(Data extract)
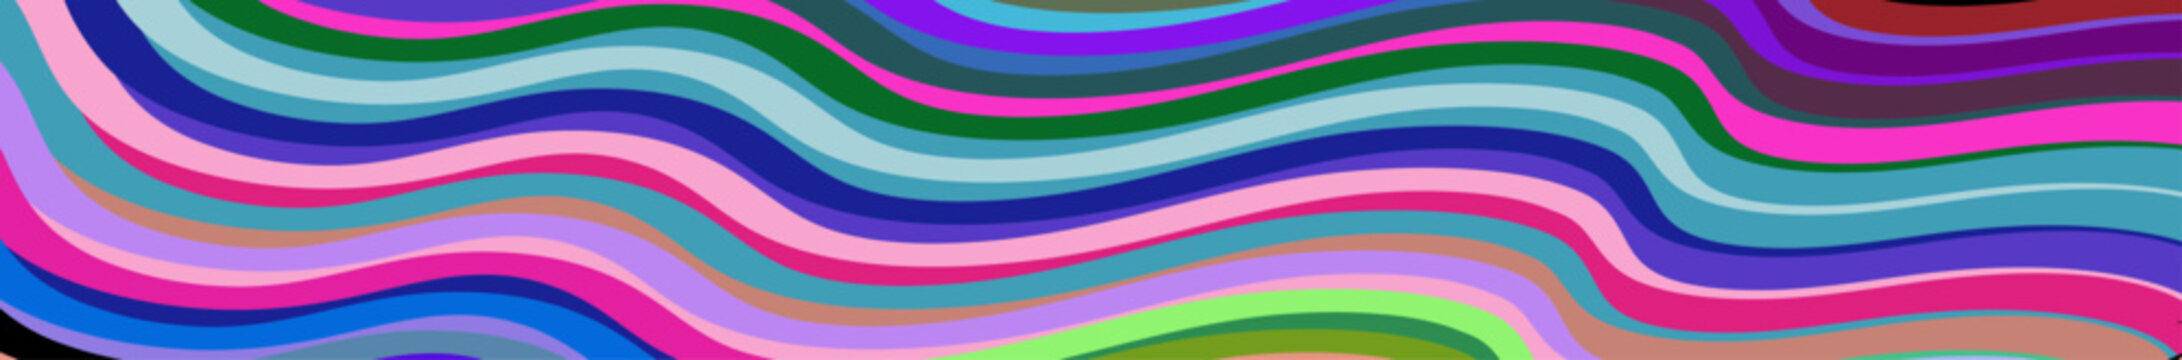 Abstract colorful pattern of wavy lines. Composition in the form of an arbitrary multi-colored background. Vector illustration, EPS 10. Hippie and psychedelic.Copy space.Funky style
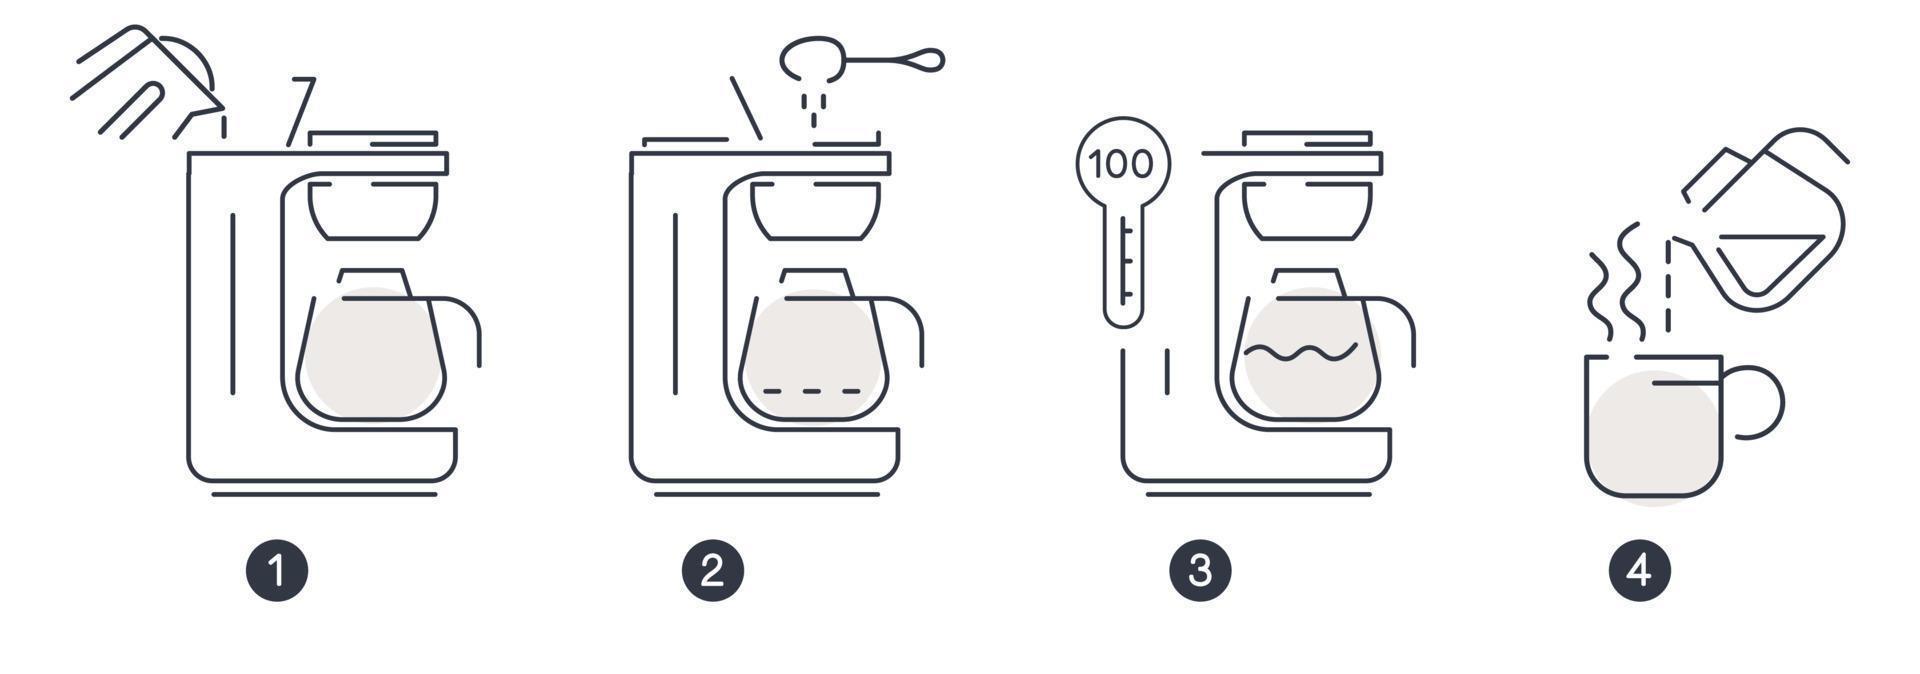 Coffee maker instructions and steps how to use vector
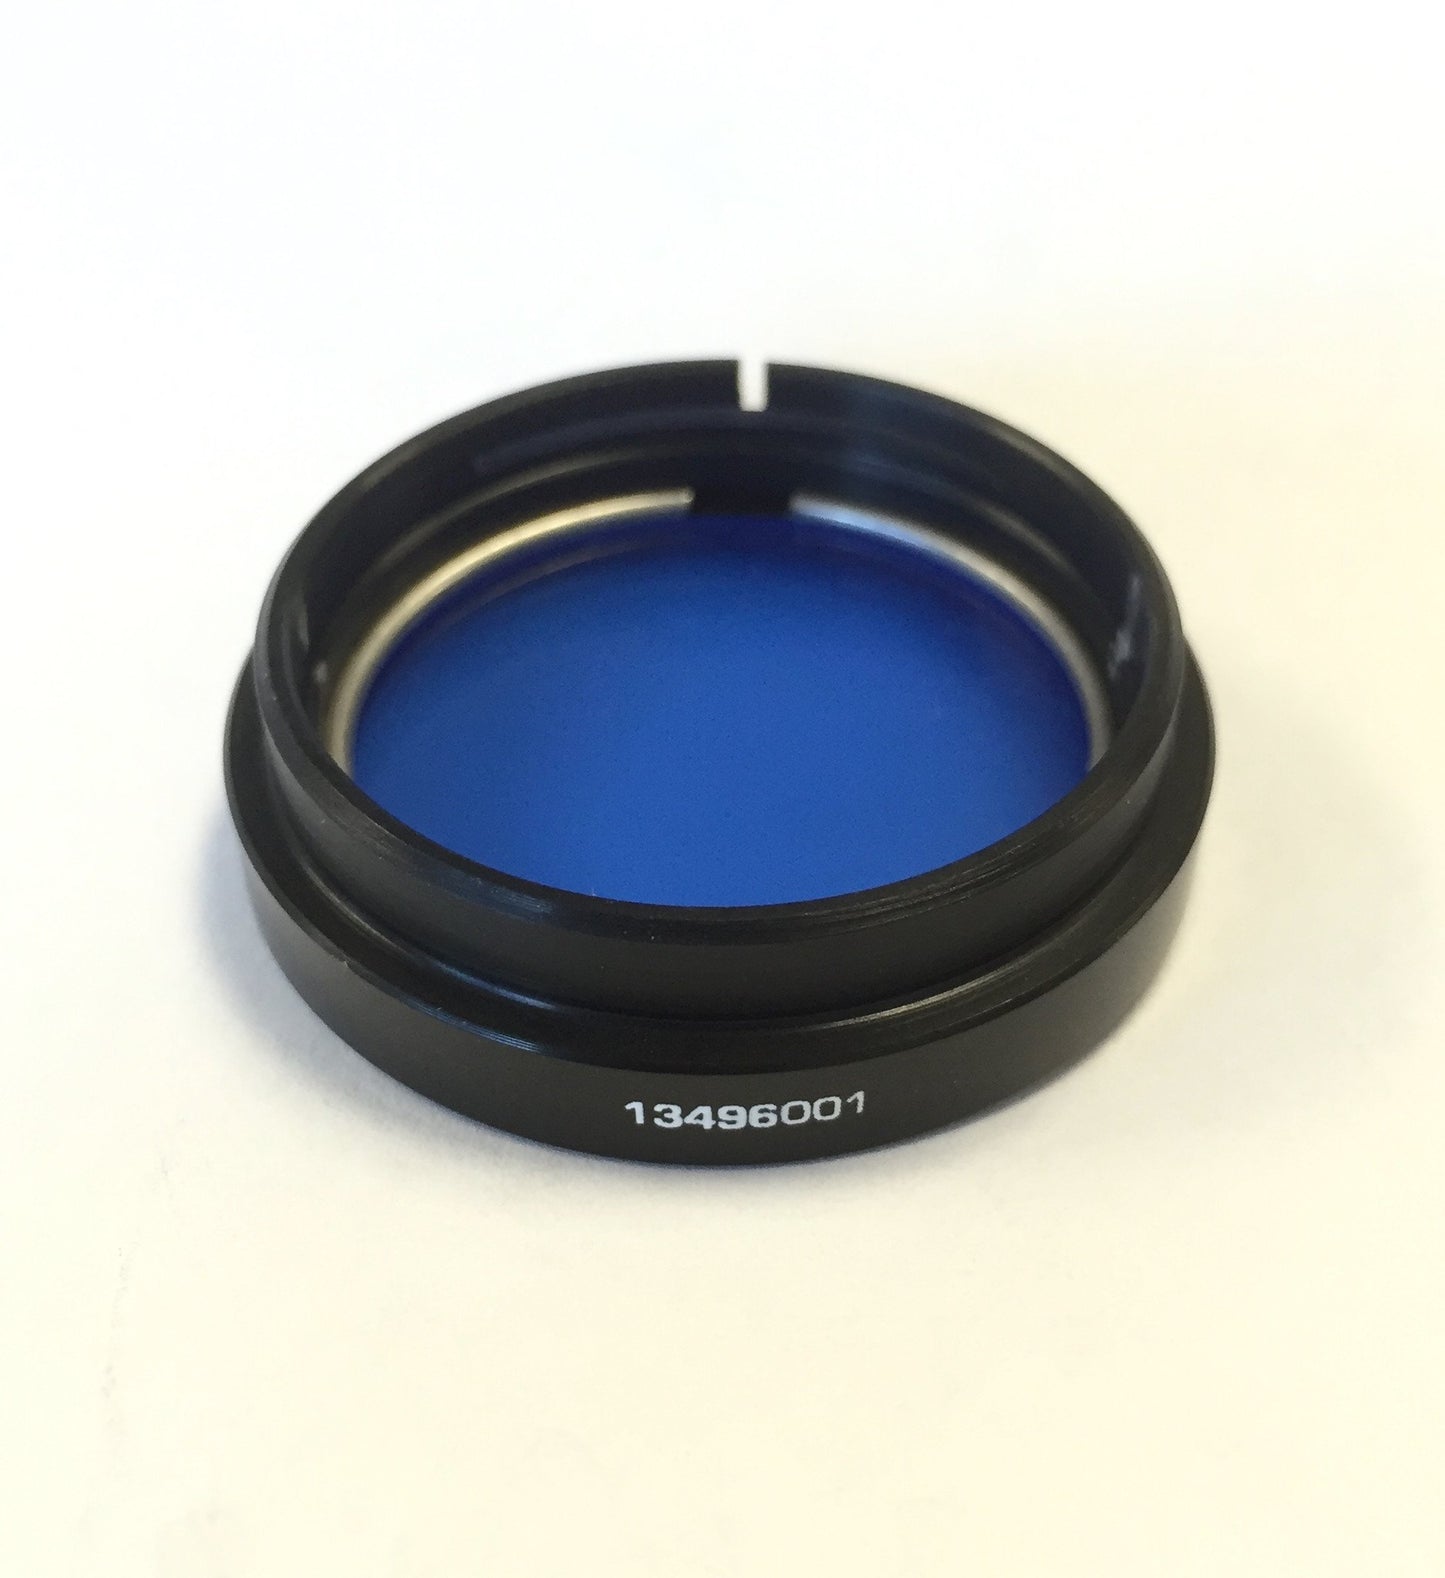 Leica CME Blue Filter - 13496001 - Microscope Central
 - 2

(What is expected) The lines to be extracted begin at the line containing "Leica CME Blue" and continue through the final line of the material above, both ends included. Reproduce them exactly, without the pictures.

(Problem solution)
 Leica CME Blue Filter - 13496001 - Microscope Central
 - 2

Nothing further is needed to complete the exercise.